At 65 degrees, Arizonans turn on the heat. People in South Dakotans plant gardens.
At 60, Californians shiver uncontrollably. People in South Dakota sunbathe.
At 50, Italian & Spanish cars won’t start. People in South Dakota drive with the windows down..
At 40, Georgians don coats, thermal underwear, gloves, wool hats. People in South Dakota throw on a flannel shirt.
At 35, New York landlords ...finally turn up the heat. People in South Dakota have the last cookout before it gets cold.
At 20, People in Miami all die. South Dakotans close their windows.
At 0, Californians fly away to Mexico . People in South Dakota get out their winter coats.

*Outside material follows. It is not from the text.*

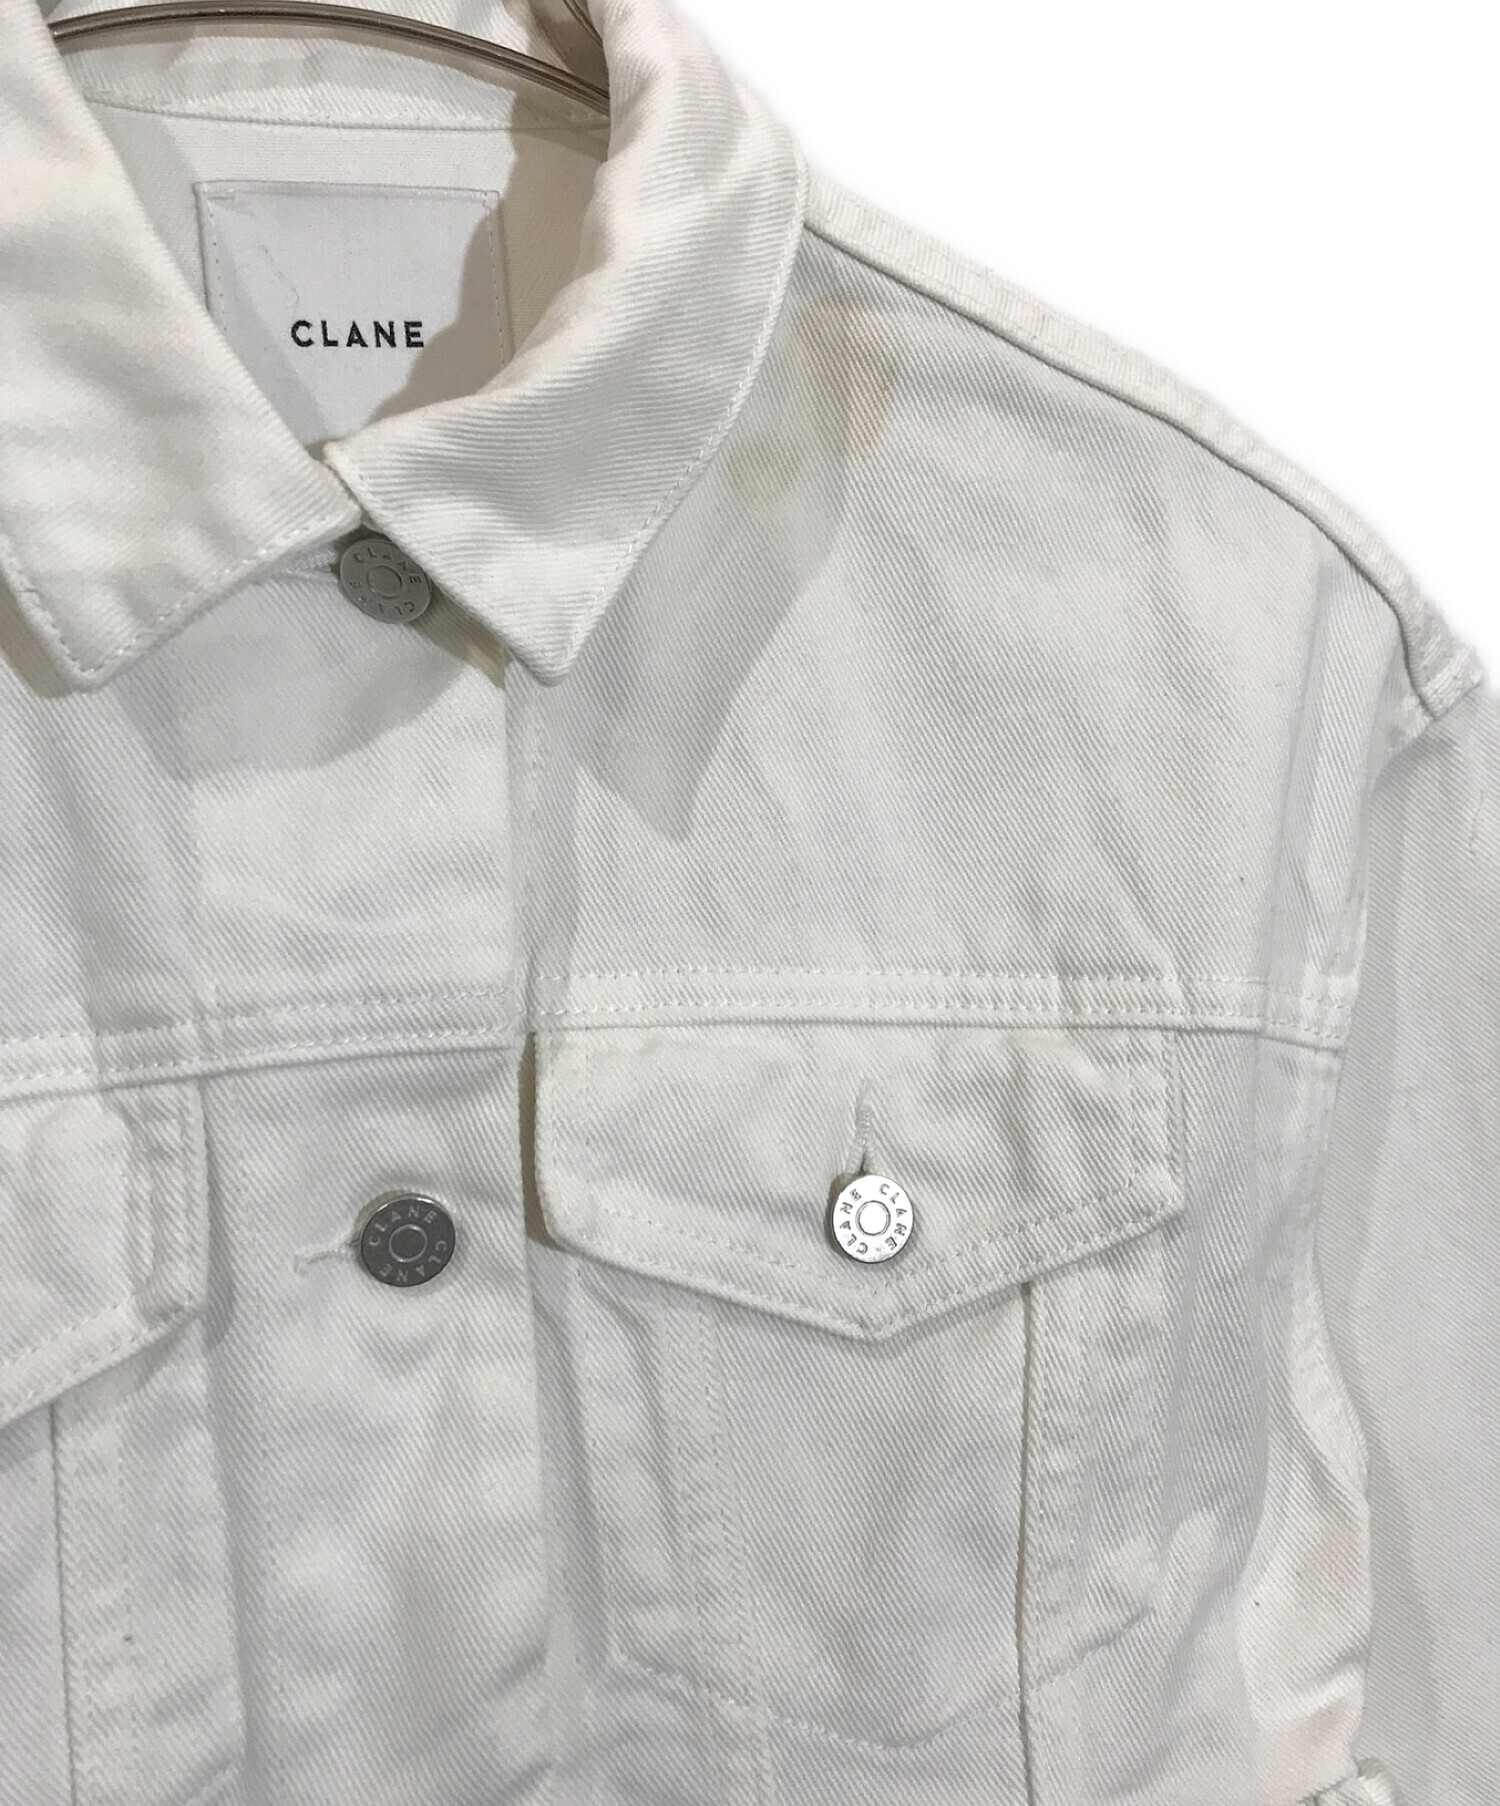 CLANE (クラネ) エンブロイダリーデニムジャケット ホワイト サイズ:S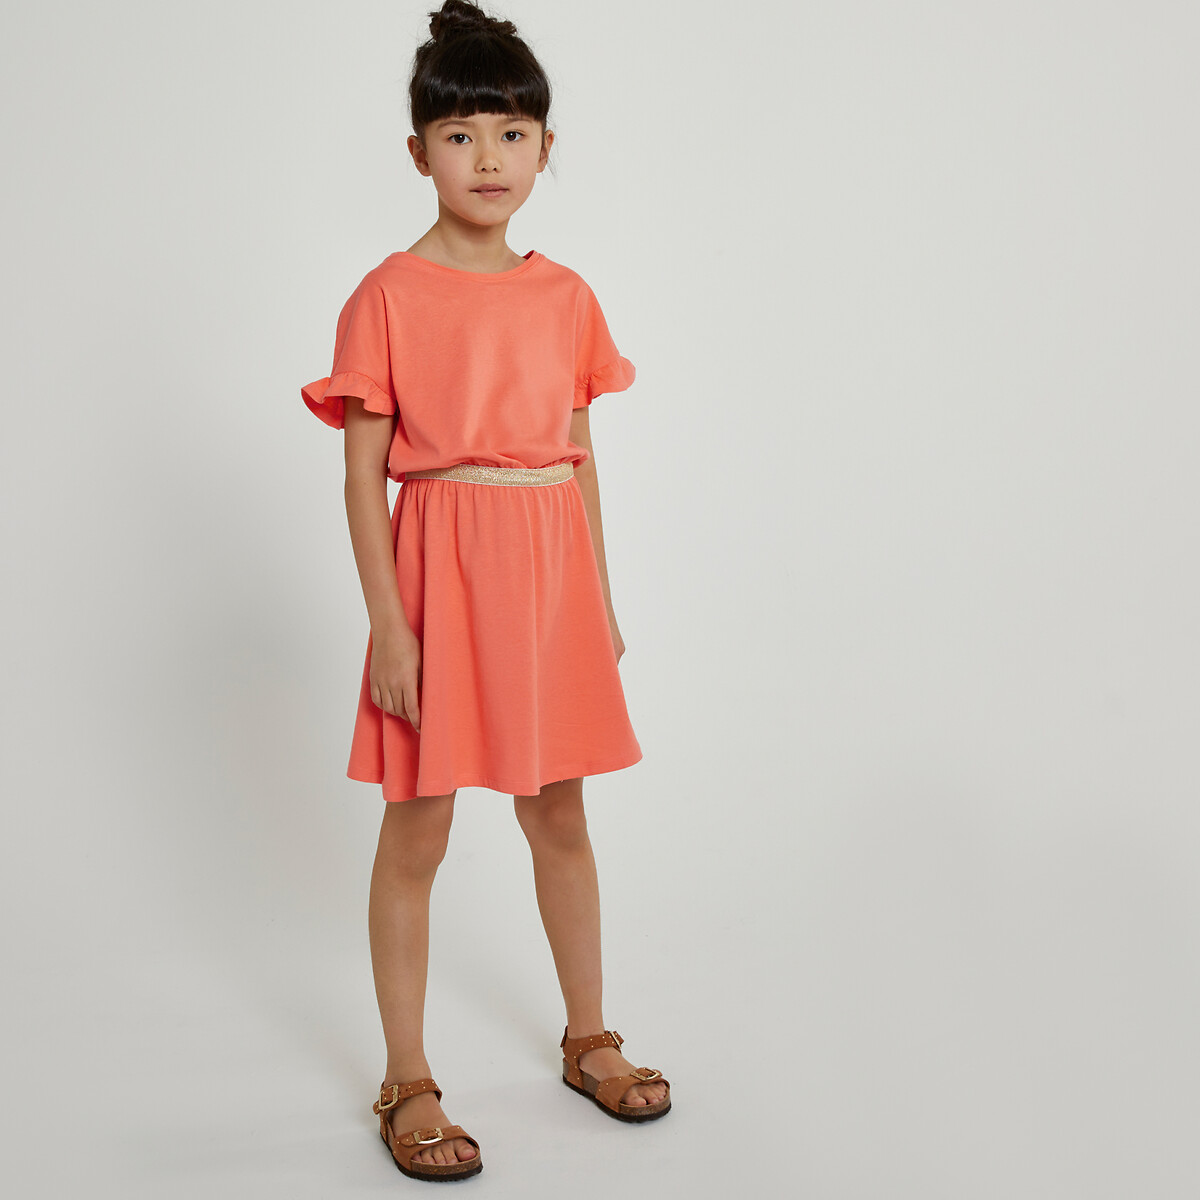 Платье с короткими рукавами с воланами 10 лет - 138 см оранжевый платье с короткими рукавами с воланами 10 лет 138 см оранжевый

At 10 below zero, Hollywood disintegrates. The Girl Scouts in South Dakota are selling cookies door to door.
At 20 below, Washington DC runs out of hot air. (Ya think? Nah.). People in South Dakota let their dogs sleep indoors.
At 30 below, Santa Claus abandons the North Pole. South Dakotans get upset because they can’t start the snowmobile.
At 40 below, ALL atomic motion stops. People in South Dakota start saying...“Cold enough for ya,
At 50 below, hell freezes over. South Dakota public schools will open 2 hours late.
This is too cute and they needed to add Michigan to it lol.
"As you open the door to new relationships and remove the chain from your own fears, God will overwhelm you with new splendor."
Yes, I think they could add Michigan, Wisconsin, North Dakota, Montana and Minnesota, although you Michigan folks get a lot of warmth from those lakes that we don’t here. There’s nothing as cold as a wind blowing across 500 miles of frozen prairie!